Farid Chaoui,professeur de médecine

“La réforme de la santé impose des décisions politiques courageuses”

© D. R.

Luttant depuis de longues années pour remettre  la santé  au cœur des préoccupations, le professeur Chaoui estime que le pays avait, “hélas, besoin d’une telle crise pour établir le diagnostic de crise profonde du système”. Il plaide pour la nécessité d’“ une coopération  internationale”, parce que, comme le montre le Covid-19, “les maladies transmissibles ne connaissent pas de frontières”. Il préconise de “développer utilement une coopération sanitaire très féconde à l’échelle du Maghreb et de la Méditerranée occidentale”.

Liberté : La pandémie de coronavirus a quasiment paralysé le monde entier, forçant l’activité humaine à l’arrêt. Elle a vaincu des États et des puissances économiques. Que révèle cette crise sanitaire de l’état du monde ? 
Farid Chaoui : La pandémie s’est abattue d’abord et essentiellement sur les plus grandes économies mondiales. La Chine en premier, l’Europe en second et,  enfin,  les USA.  Pour  des raisons  encore  indéterminées, les  pays traditionnellement  plus  exposés  aux  ravages  des  maladies  transmissibles sont relativement épargnés. 

Si la situation était l’inverse, on imagine facilement que la chose aurait été jugée “normale” et suscité bien moins de commentaires et d’intérêt, la vie humaine n’ayant pas le même prix sous toutes les latitudes.

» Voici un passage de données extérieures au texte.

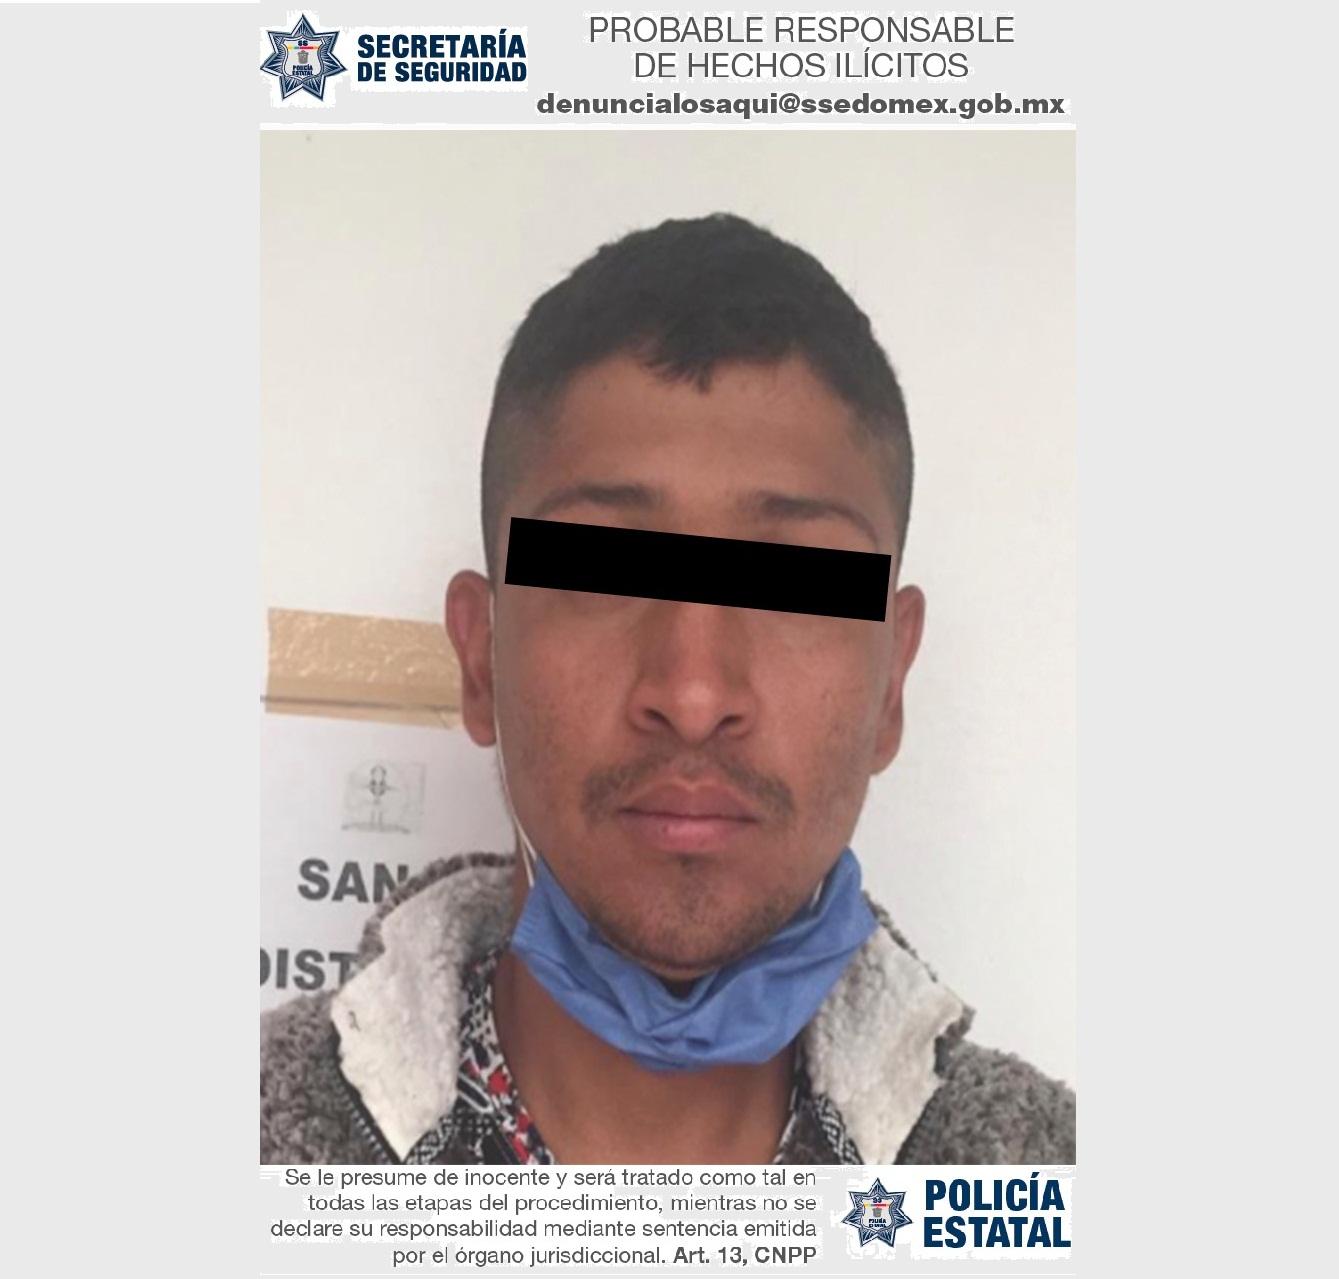 DETIENEN EN FLAGRANCIA A PROBABLE RESPONSABLE DEL ROBO CON VIOLENCIA A UN NEGOCIO

Les Africains le savent ; eux qui peinent à accéder à une vie digne ont appris à mourir dignement sans rien attendre des puissants de ce monde.

Cela dit, les pays du Nord principalement concernés par la gravité de la pandémie n’étaient pas préparés à un tel événement pour plusieurs raisons. Depuis le début du XXe siècle, la transition épidémiologique était considérée comme achevée, signifiant la fin des maladies transmissibles. Les systèmes de santé de ces pays se sont donc construits, depuis environ un siècle, sur un modèle exclusivement destiné à faire face aux maladies non transmissibles. 

La crise a mis également a nu les failles des systèmes de santé… 
Les services publics chargés de la prévention et de la surveillance sanitaire des territoires ont été affaiblis par les coupes budgétaires subies depuis l’avènement des politiques néolibérales.Les mêmes contraintes financières et les réformes néolibérales ont largement dégradé l’efficience des services de santé, en particulier des hôpitaux. 

Enfin, les politiques de délocalisation ont dépouillé ces pays de leurs industries pharmaceutiques et de production des consommables nécessaires à la mise en place des mesures d’endiguement de ce type d’épidémie. L’épidémie a également révélé l’aggravation des inégalités sociales dans ces pays, traduite par une atteinte plus massive et plus sévère de la maladie et de ses conséquences économiques sur les populations les plus pauvres. 

Pour toutes ces raisons, les gouvernements concernés, dans l’urgence, n’ont pas eu d’autre choix que de recourir à des mesures exceptionnelles de confinement qui ont paralysé l’économie des pays les plus riches de la planète et, par effet domino, du reste du monde. C’est ce qui explique le chaos économique subi de plein fouet par les économies les plus puissantes du monde et leur impatience actuelle à aller le plus vite possible au déconfinement.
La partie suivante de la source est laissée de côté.